Missing numbers are tambon which now form Khuan Niang District.

=== Local administration ===
There is one town (Thesaban Mueang) in the district:
- Kamphaeng Phet (Thai: เทศบาลเมืองกำแพงเพชร) consisting of parts of sub-district Kamphaeng Phet.

There are three sub-district municipalities (thesaban tambon) in the district:
- Kamphaeng Phet (Thai: เทศบาลตำบลกำแพงเพชร) consisting of parts of sub-district Kamphaeng Phet.
- Na Si Thong (Thai: เทศบาลตำบลนาสีทอง) consisting of parts of sub-district Khao Phra.
- Khuha Tai (Thai: เทศบาลตำบลคูหาใต้) consisting of sub-district Khuha Tai.
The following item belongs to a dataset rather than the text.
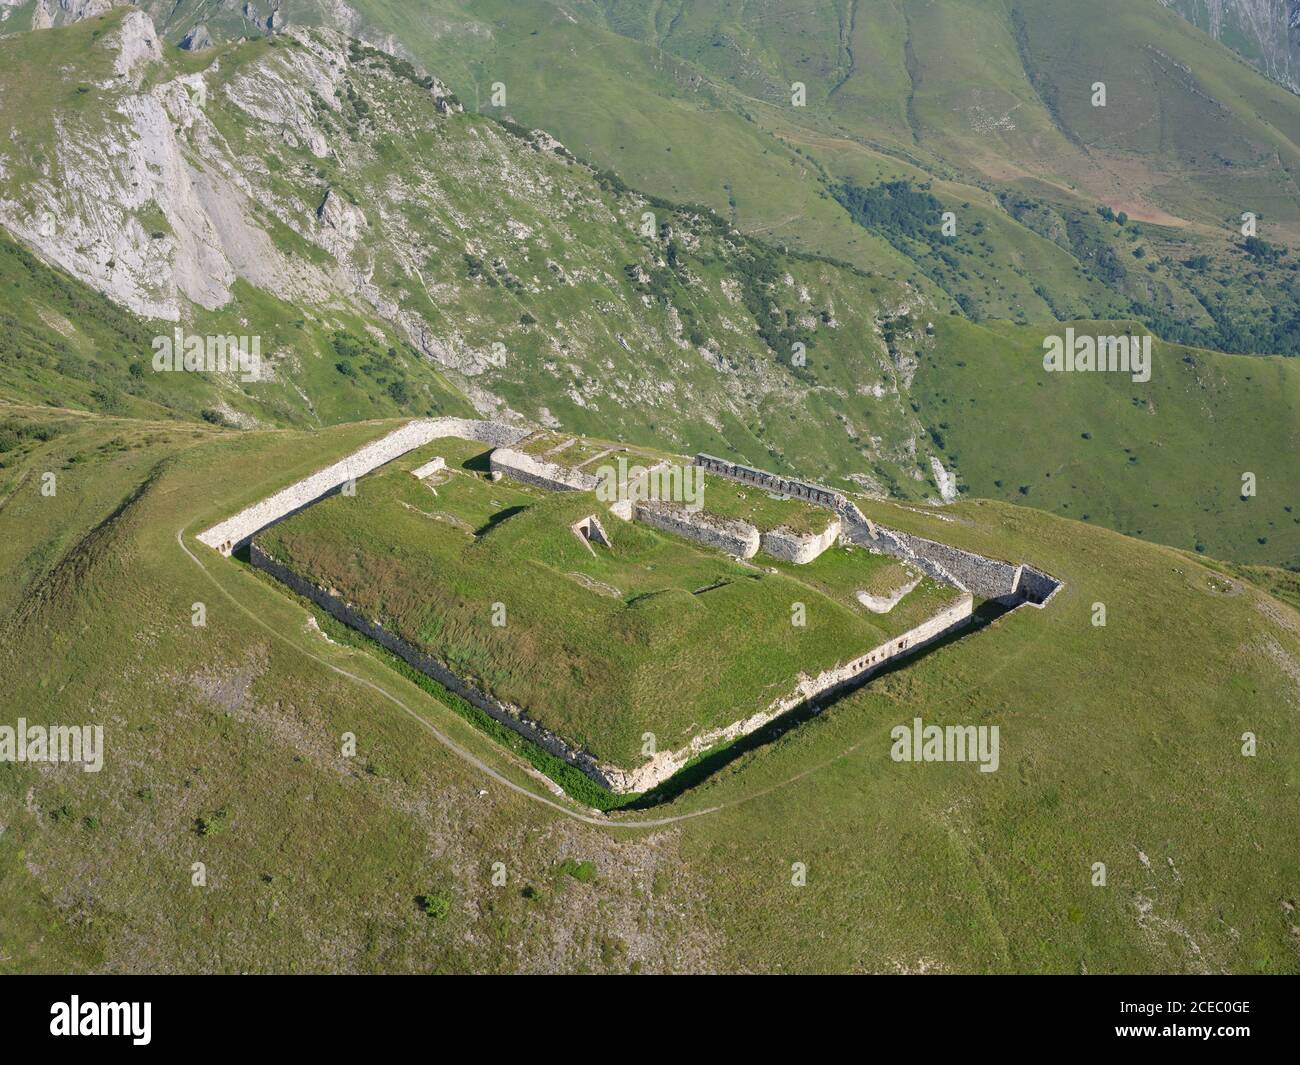 LUFTAUFNAHME. Fort Pernante, eine alte militärische Festung oberhalb des Col de Tende. Tende, Alpes-Maritimes, Frankreich. Stockfoto

There are three sub-district administrative organizations (SAO) in the district:
- Tha Chamuang (Thai: องค์การบริหารส่วนตำบลท่าชะมวง) consisting of sub-district Tha Chamuang.
- Khuan Ru (Thai: องค์การบริหารส่วนตำบลควนรู) consisting of sub-district Khuan Ru.
- Khao Phra (Thai: องค์การบริหารส่วนตำบลเขาพระ) consisting of parts of sub-district Khao Phra.